GBP/USD Falls Towards 1.2500 While Risk-Off Momentum Goes On

Bulls are Maintaining a Fair Path

The GBP/USD currency pair is falling lower following its failure to maintain its stand above 1.2540. It was a slightly gloomy time in the Asian session. Bulls on the green line are pulling the pair towards the 1.2500 psychological support.

The 1.2500 psychological support level is next since poor market sentiments cut investors’ risk appetite. On a general note, the cable pair is oscillating between the 1.2430 to 1.2600 range. This has been the dominant event over the last two weeks.

 

GBP/USD price chart. Source TradingView

There is much instability in the foreign exchange sector.  But despite that, investors now focus on inflation in the US and the coming report scheduled for Friday. The yearly consumer price index is speculated to be the same as always at 8.3%.

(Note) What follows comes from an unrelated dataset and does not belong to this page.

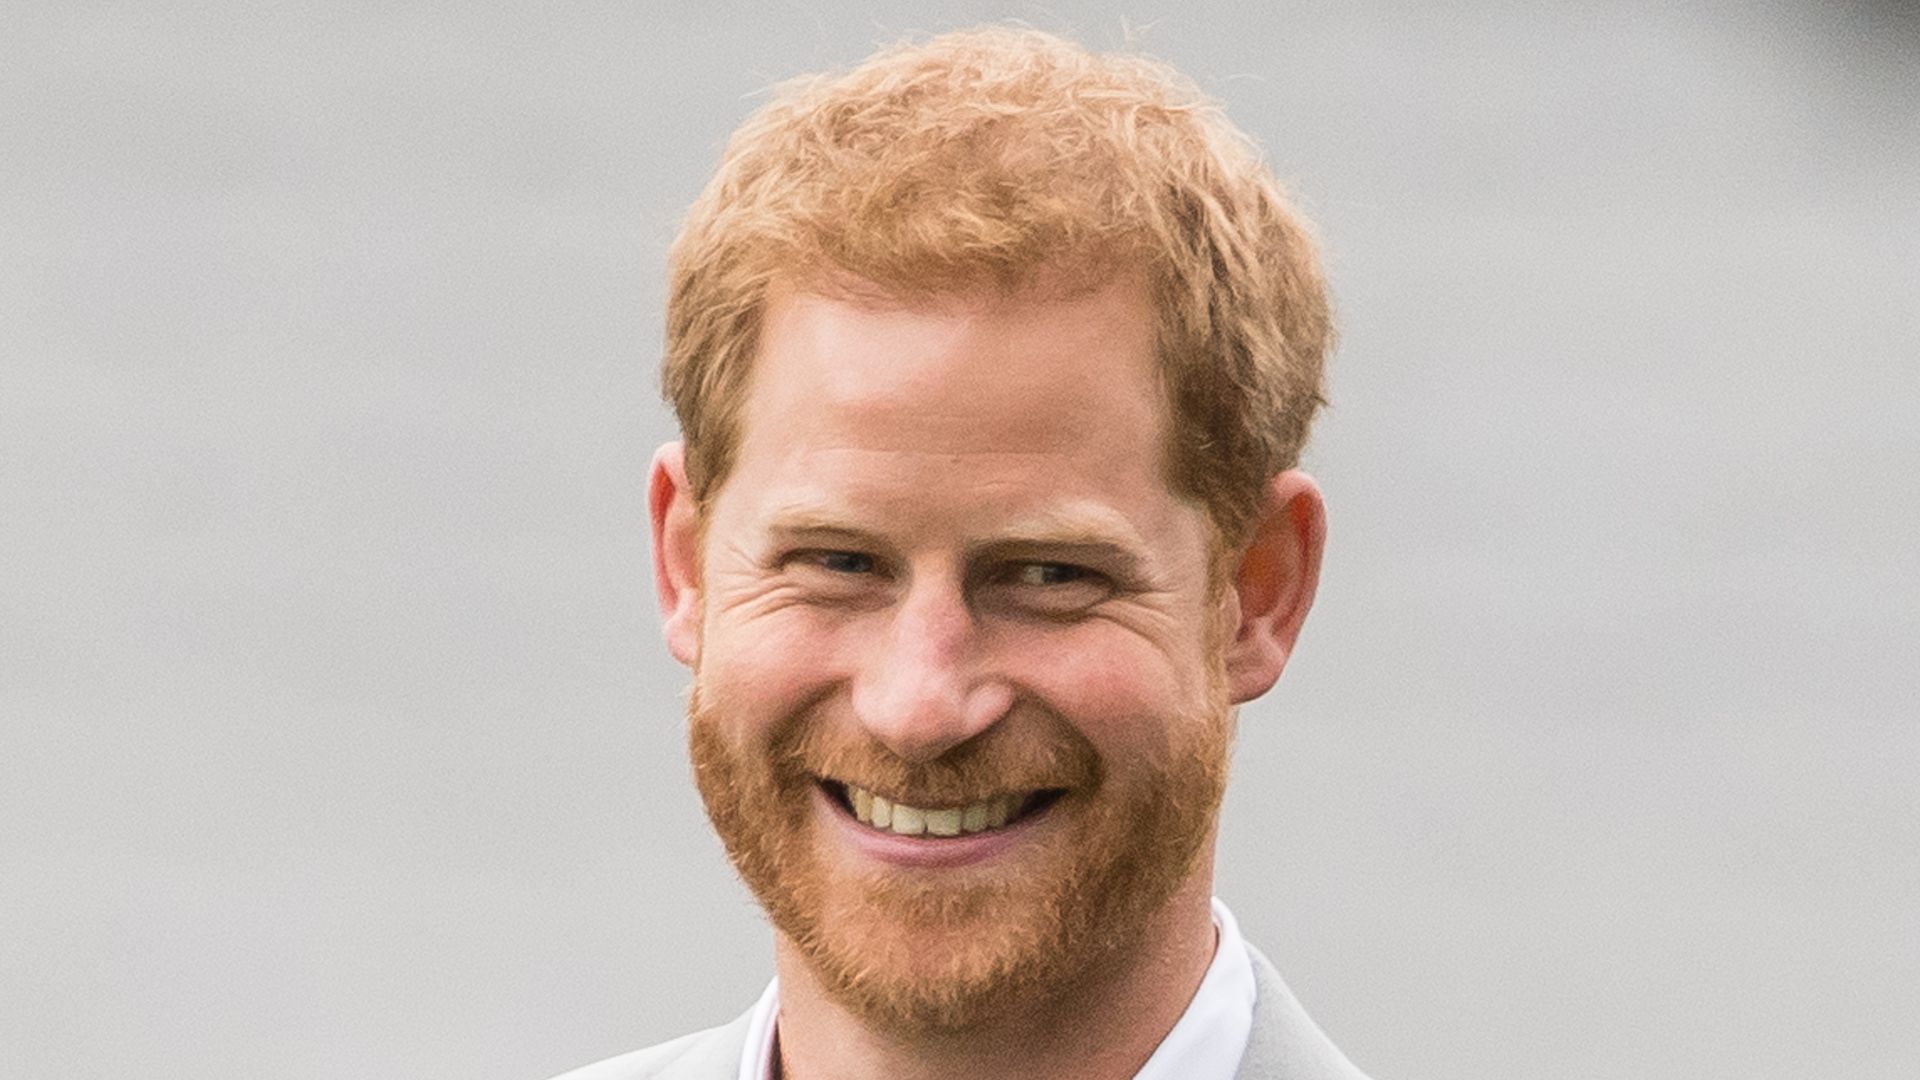 Prince Harry smiling in grey suit 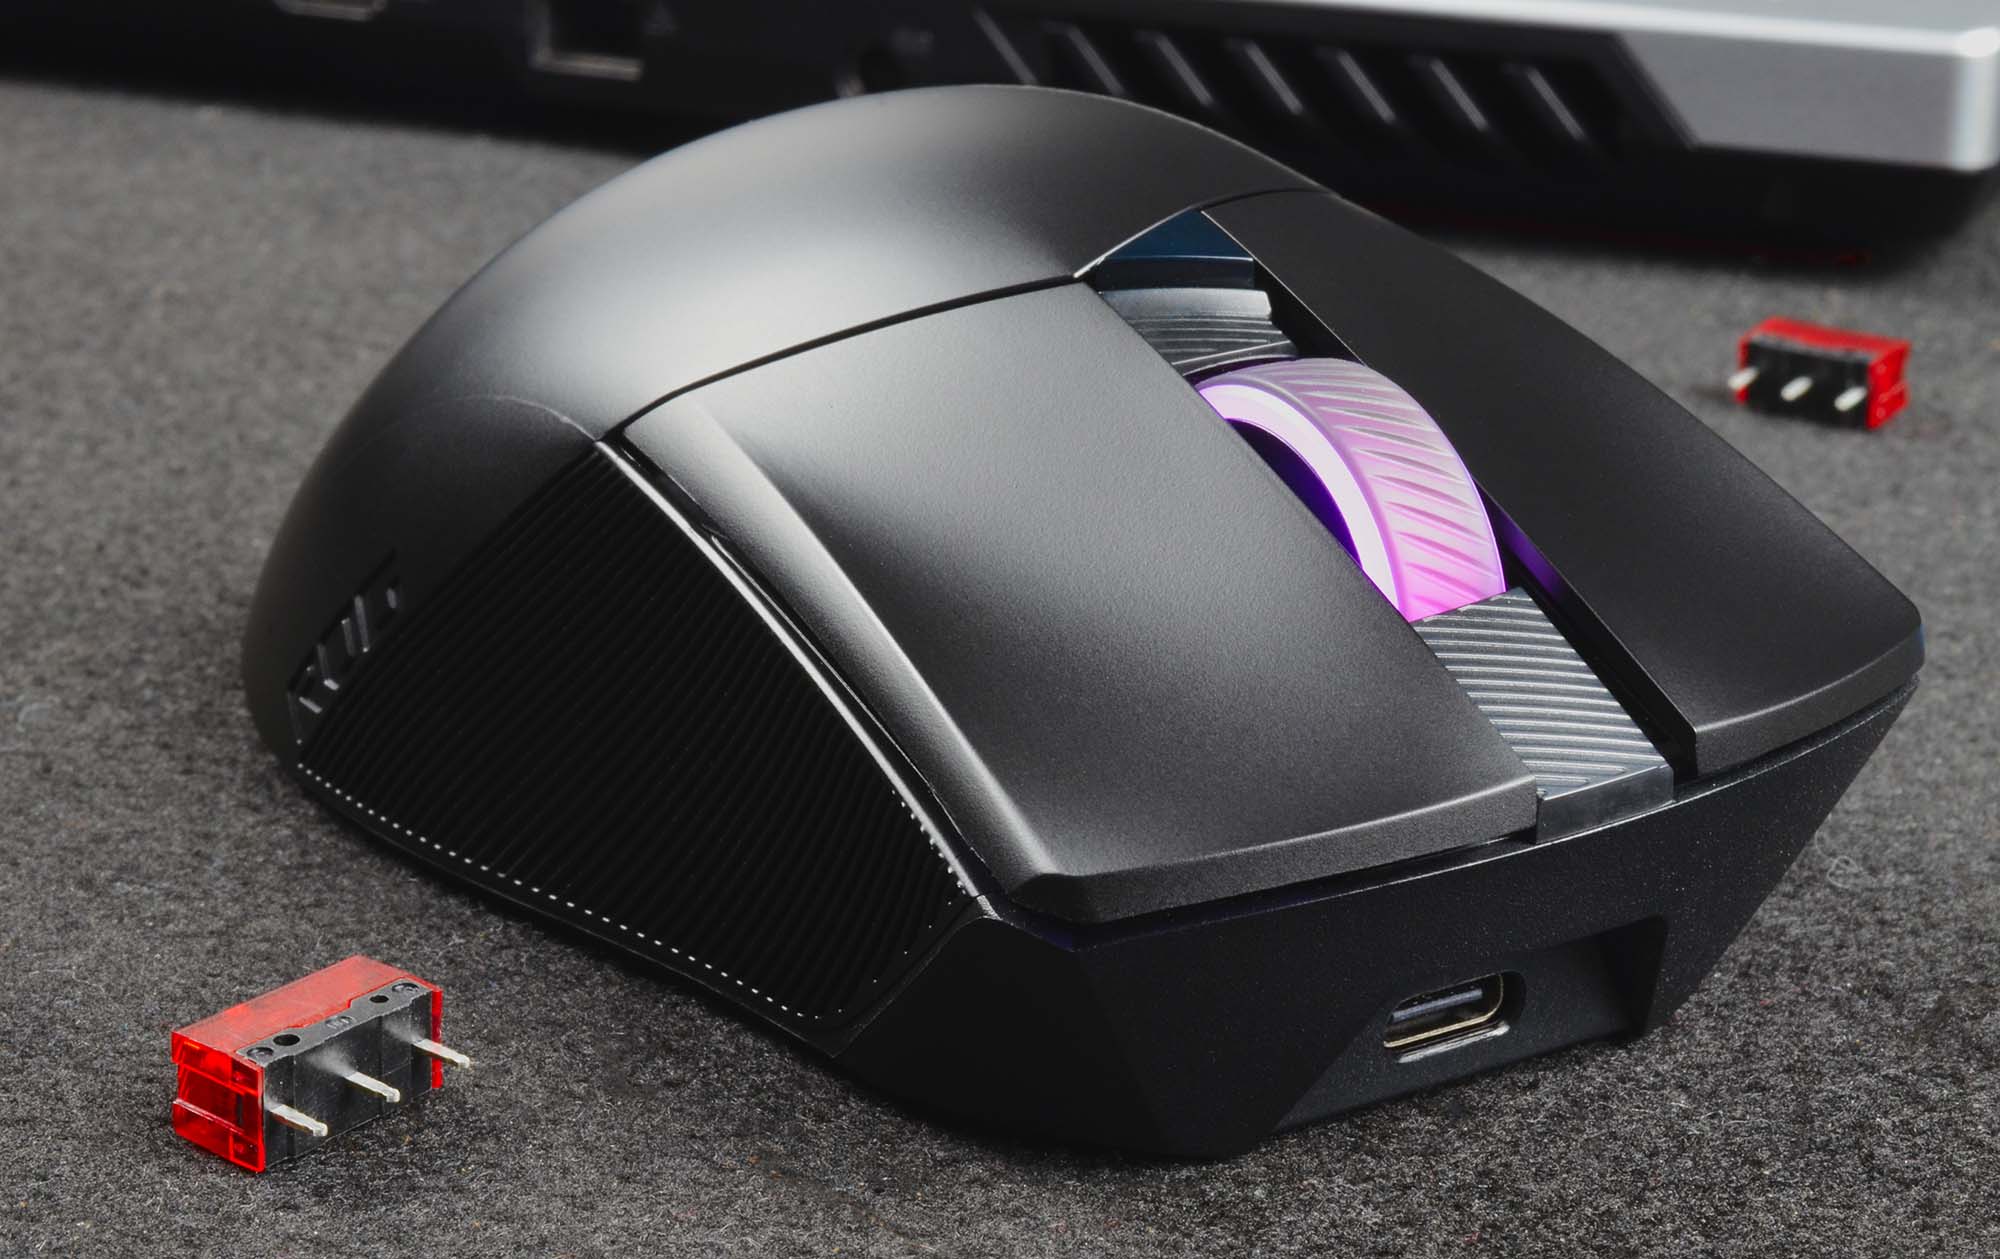 HOW TO REPLACE THE SWITCHES IN YOUR ROG GLADIUS III GAMING MOUSE

Meanwhile, the central consumer price index which does not include energy and food cost is speculated to drop. It is expected at 5.95 against the last figure of 6.2%. The rate of difference in the consumer price index will have a significant ramification.

The implication will be felt in the decision of the Federal Reserve via interest rates. The high report from the Nonfarm Payroll published in the past week has its effects. It now increased the odds of a huge rate increase by the Federal Reserve.

The US employment process efficiency has given more room for the Federal Reserve to extend the rates. The higher price pressure in the market will force the Feds to increase rates. Increasing pressures from inflation will reduce the household incomes in the United States.

UK Low Growth Continues

In the UK, on the other hand, reduced growth predictions are a major source of concern to bulls. Increasing inflation also has the same effect on the entire British market.

According to the British Chamber of Commerce, the economic growth of the UK is coming to a halt. The economy is not also expected to show any sign of expansion in the GDP.

Analysis

The GBP/USD was pressured in the direction of the intraday low point close to 1.2520 while bears kept their rein. The pair thus prolongs its loss while the bullish bias declined.

The same factor also kept sellers on the path of losses and it failed to cross downward. Nevertheless, the pair sellers require a confirmation from its 21-period DMA to be back in control.

After that, the 23.6% Fib level of the downturn in April-May will be before 1.2330 and 1.2260 levels. It will, thus, pose a challenge to bears of the GBP/USD before going for the annual low at 1.2155.